# Custom repairs



## Firefyter-emt (Sep 30, 2008)

Thought I would share this with everyone.  I picked up this 1943 Waterman the other day with a transclucent end that had fallen apart from age.  Dawn (The PR -Princess) made me the new amber block and she hit the color dead on the money.

The amber blank was rough cut and turned between centers on my metal lathe and finished off with a tenon to slip into the freshly trimmed pen body.  This allowed me to use the center hole in the amber blank to perfectly line up the pen on my wood lathe. I  then turned the new post end to match and hand sanded to make the transition perfect.  I am very happy with how this one came out.

So here is a little new pen turning blended with the old to bring one back to life.  One more fountain pen for my personal collection.  This one sports a 14k nib and cost me $20.00 shipped.

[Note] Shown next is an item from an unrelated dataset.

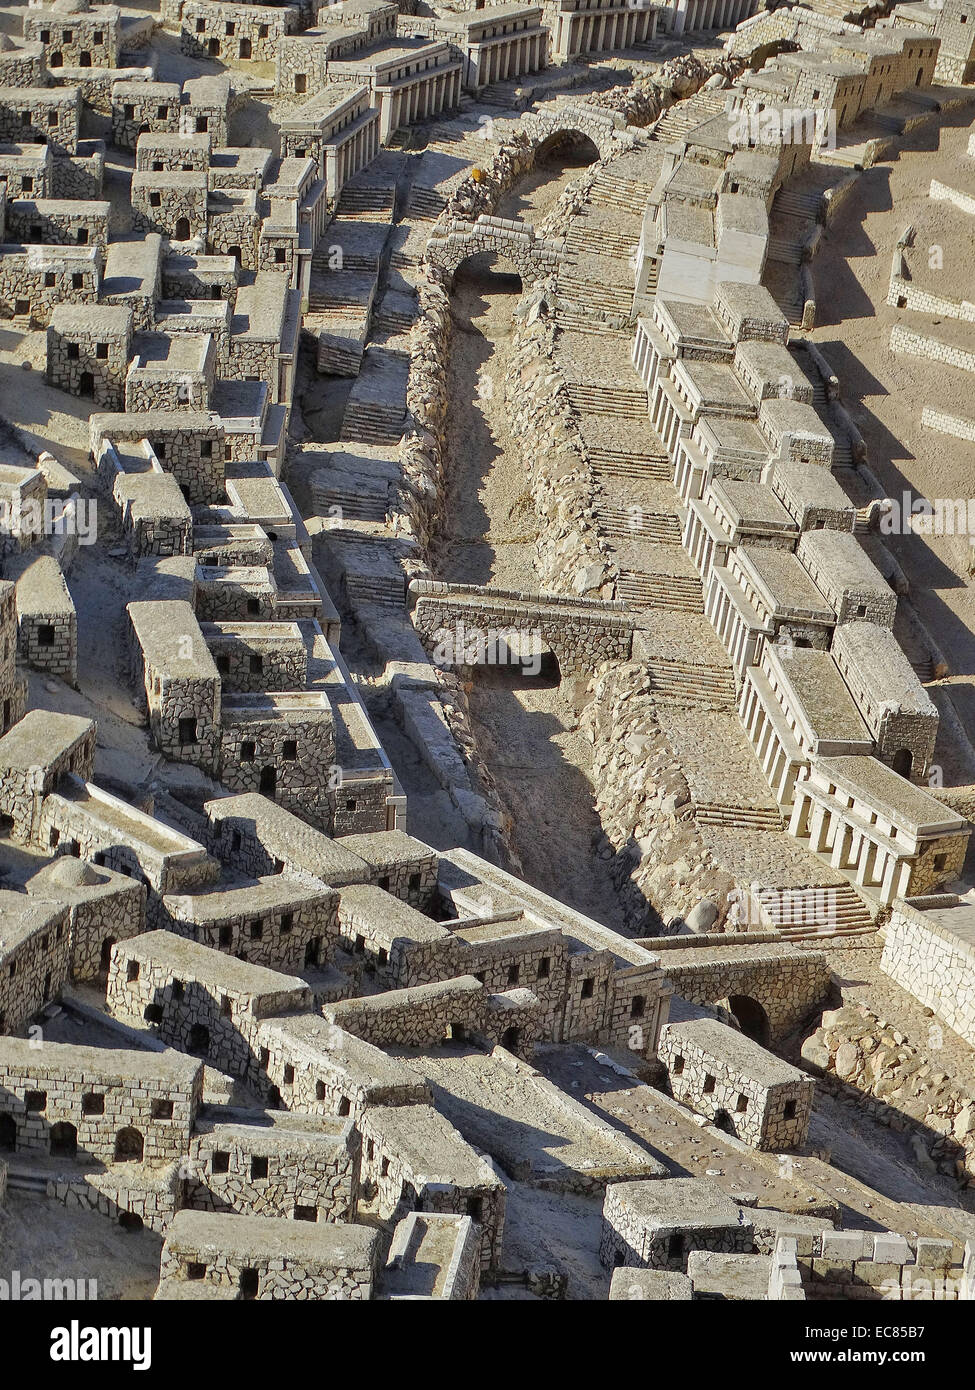 Detailed street view of the Model of Jerusalem at the Israel Museum. The Model is a 1:50 scale-model of the City of Jerusalem in the late Second Temple Period. The model was designed by Israeli historian and geographer Michael Avi Yonah based on the writings of Flavius Josephus and other historical sources. The model includes a replica of the Herodian Temple. Stock Photo

This is a style that I think will find it's way into a kit pen one of these days, I really like the look of this.

before:






after:


----------



## BRobbins629 (Sep 30, 2008)

Nice match and nice repair.


----------



## thewishman (Sep 30, 2008)

Nice work!


----------



## ldb2000 (Sep 30, 2008)

Great job Lee . A fine old pen back from the dead , looks great .


----------



## joeatact (Oct 1, 2008)

Great Repair and saving the life of a old pen.


----------



## workinforwood (Oct 1, 2008)

Very nice work Lee!


----------



## Firefyter-emt (Oct 1, 2008)

Thanks guys...  The nice thing about having lot's of tools is the ability to fix stuff!  LOL


----------



## marcruby (Oct 1, 2008)

Wow!  Nice job by both the princess and you.


----------



## papaturner (Oct 1, 2008)

Don`t you love it when a plan comes together.......You both did an excellent job.


----------



## Firefyter-emt (Oct 1, 2008)

Exactly, Dawn did a great job with the color on the PR.  I have a really nice casting tank (that I hardly ever use!) but I do not have the tints or the talent to create the exact color.  She also made me a transcluent red that is very dark, I might have another pen on the way to me for repair.  I might use the red on that one just to see how it comes out.


----------



## nava1uni (Oct 2, 2008)

Nice repair job, beautiful blending


----------



## DKF (Oct 3, 2008)

Nice job......


----------



## desertyellow (Oct 13, 2008)

Great save.
Amazing team work.
This is where this consortium of talent shine at its best.


----------



## Mather323 (Oct 20, 2008)

Great job!


----------